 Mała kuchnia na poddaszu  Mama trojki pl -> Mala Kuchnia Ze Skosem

==

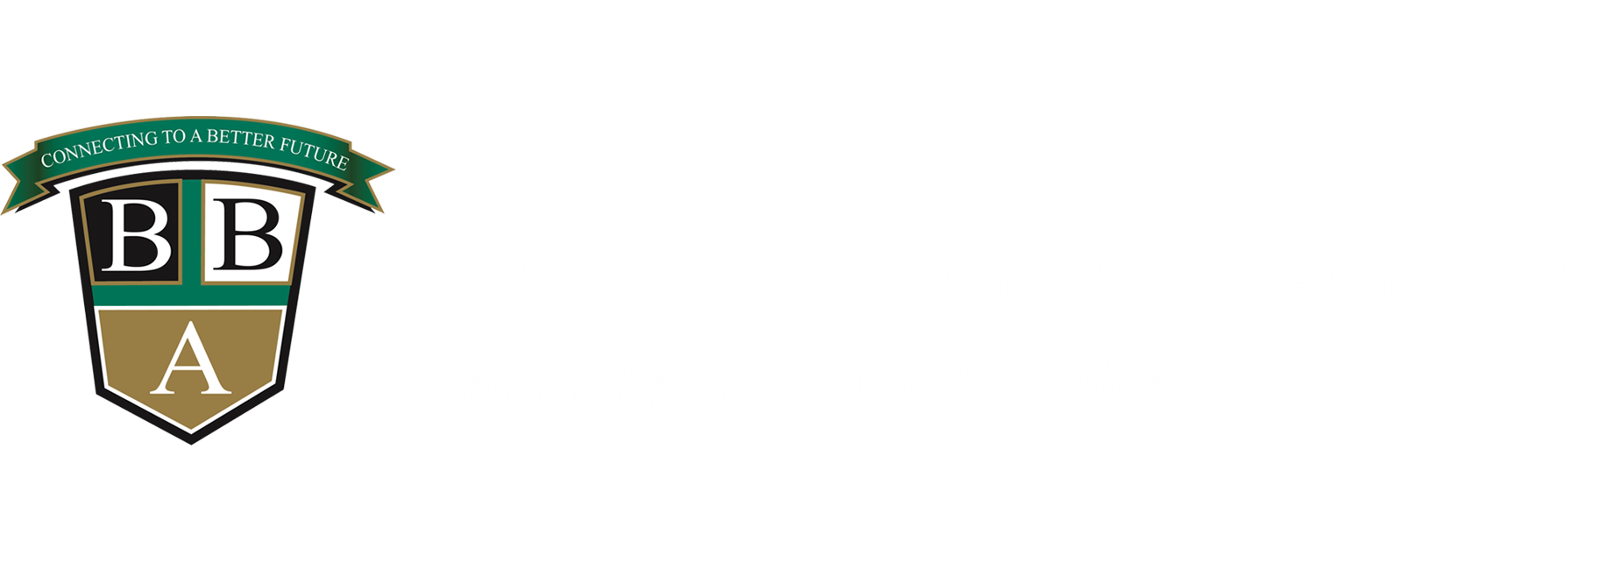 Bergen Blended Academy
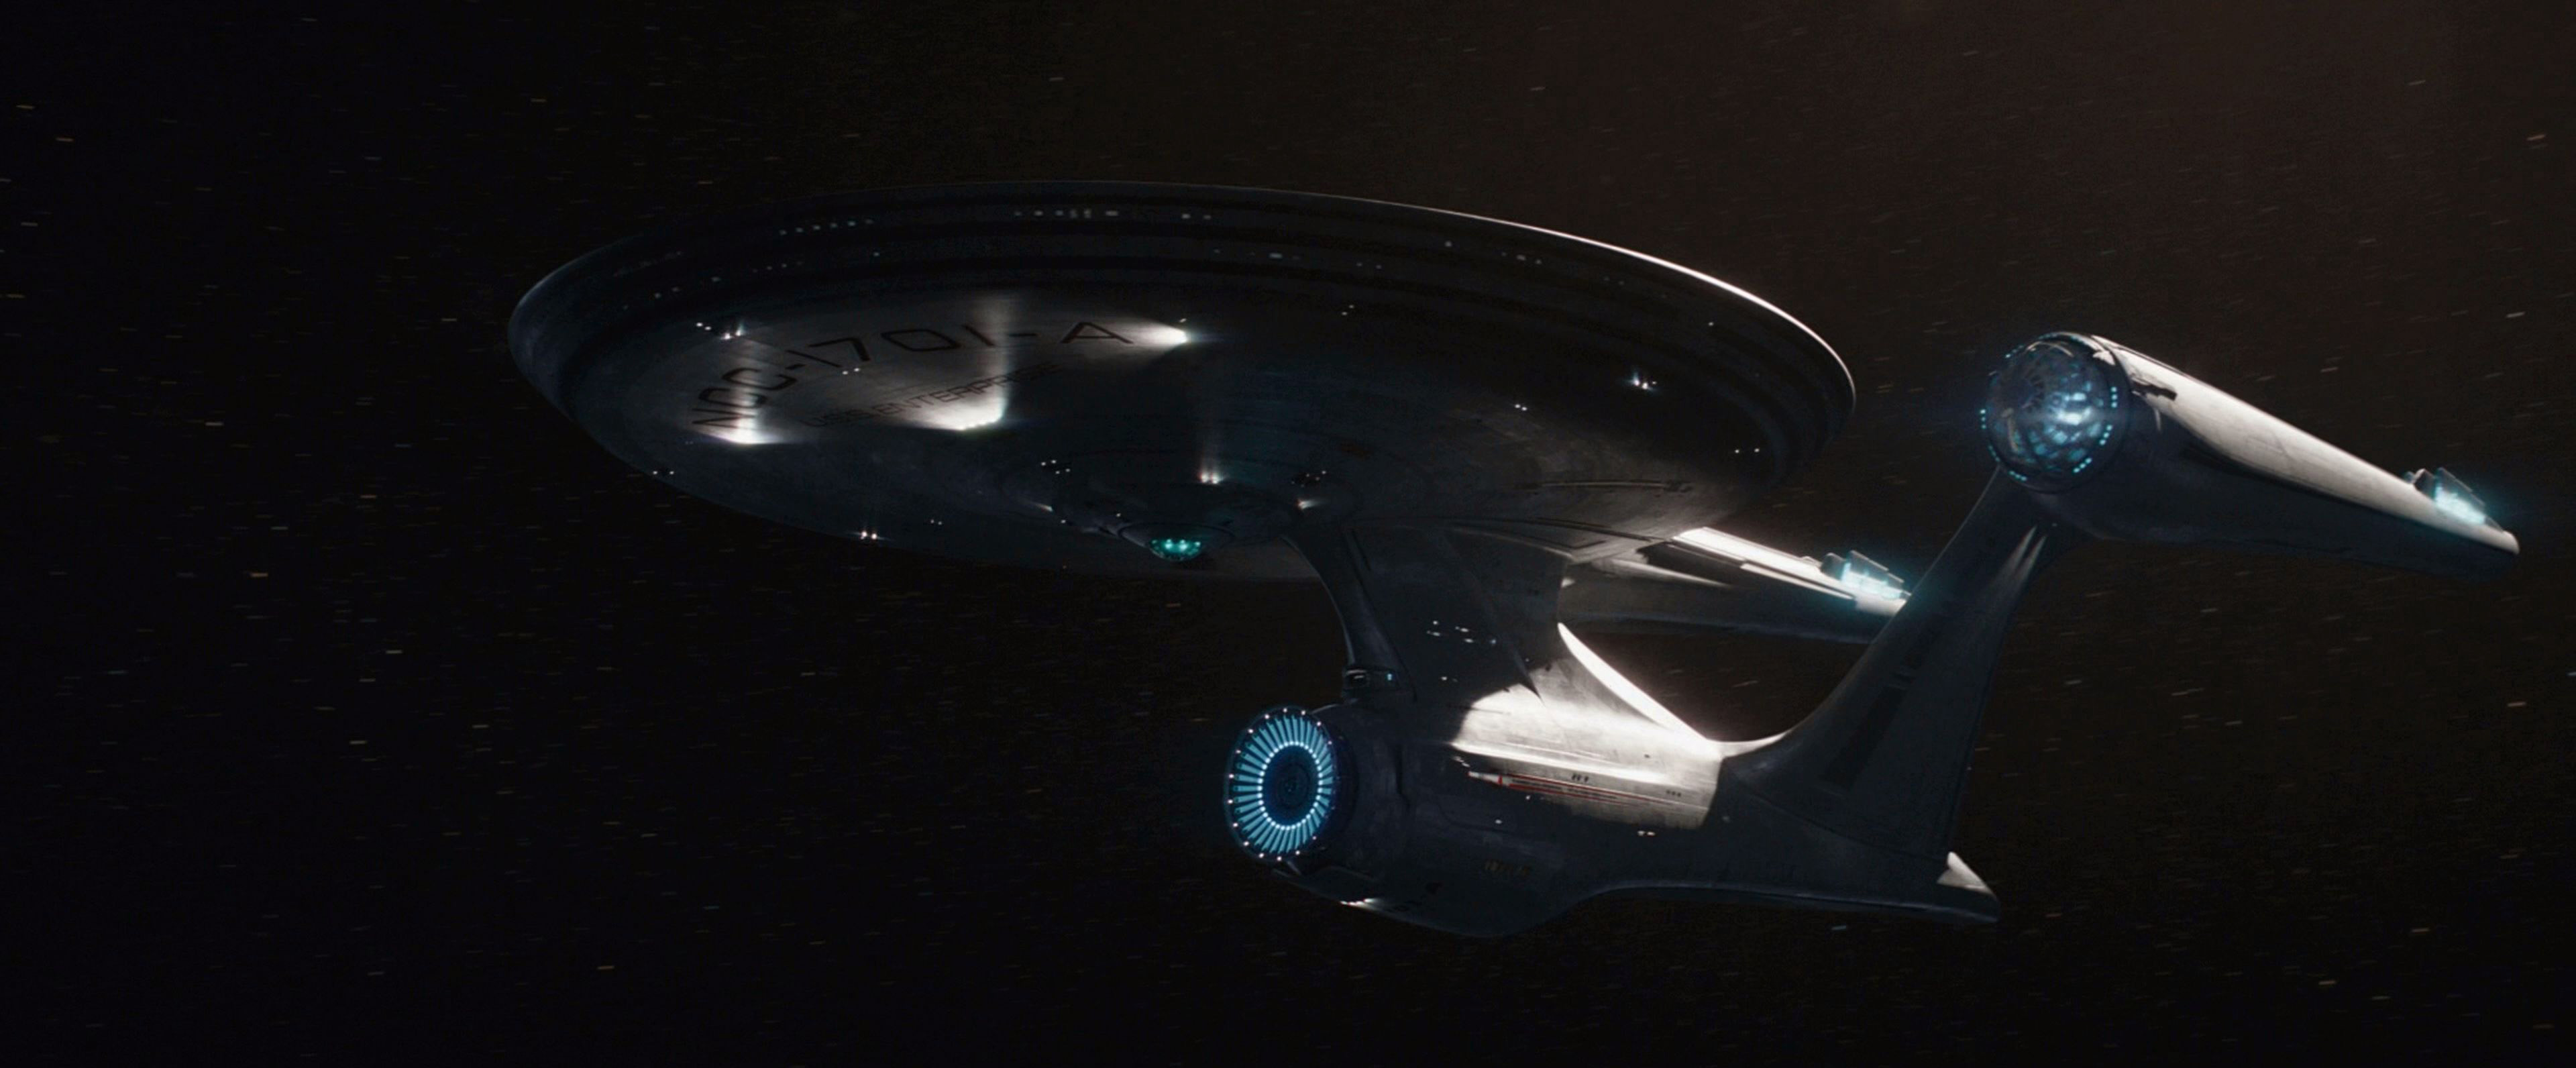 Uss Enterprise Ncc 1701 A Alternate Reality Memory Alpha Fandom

## EXERCISE INSTRUCTIONS
Treat the line with "Bergen Blended Academy" as the start and the line with "Uss Enterprise Ncc" as the end, and return exactly that span of the data above, both ends included, without pictures.

## EXERCISE RESULT
 Bergen Blended Academy
 Uss Enterprise Ncc 1701 A Alternate Reality Memory Alpha Fandom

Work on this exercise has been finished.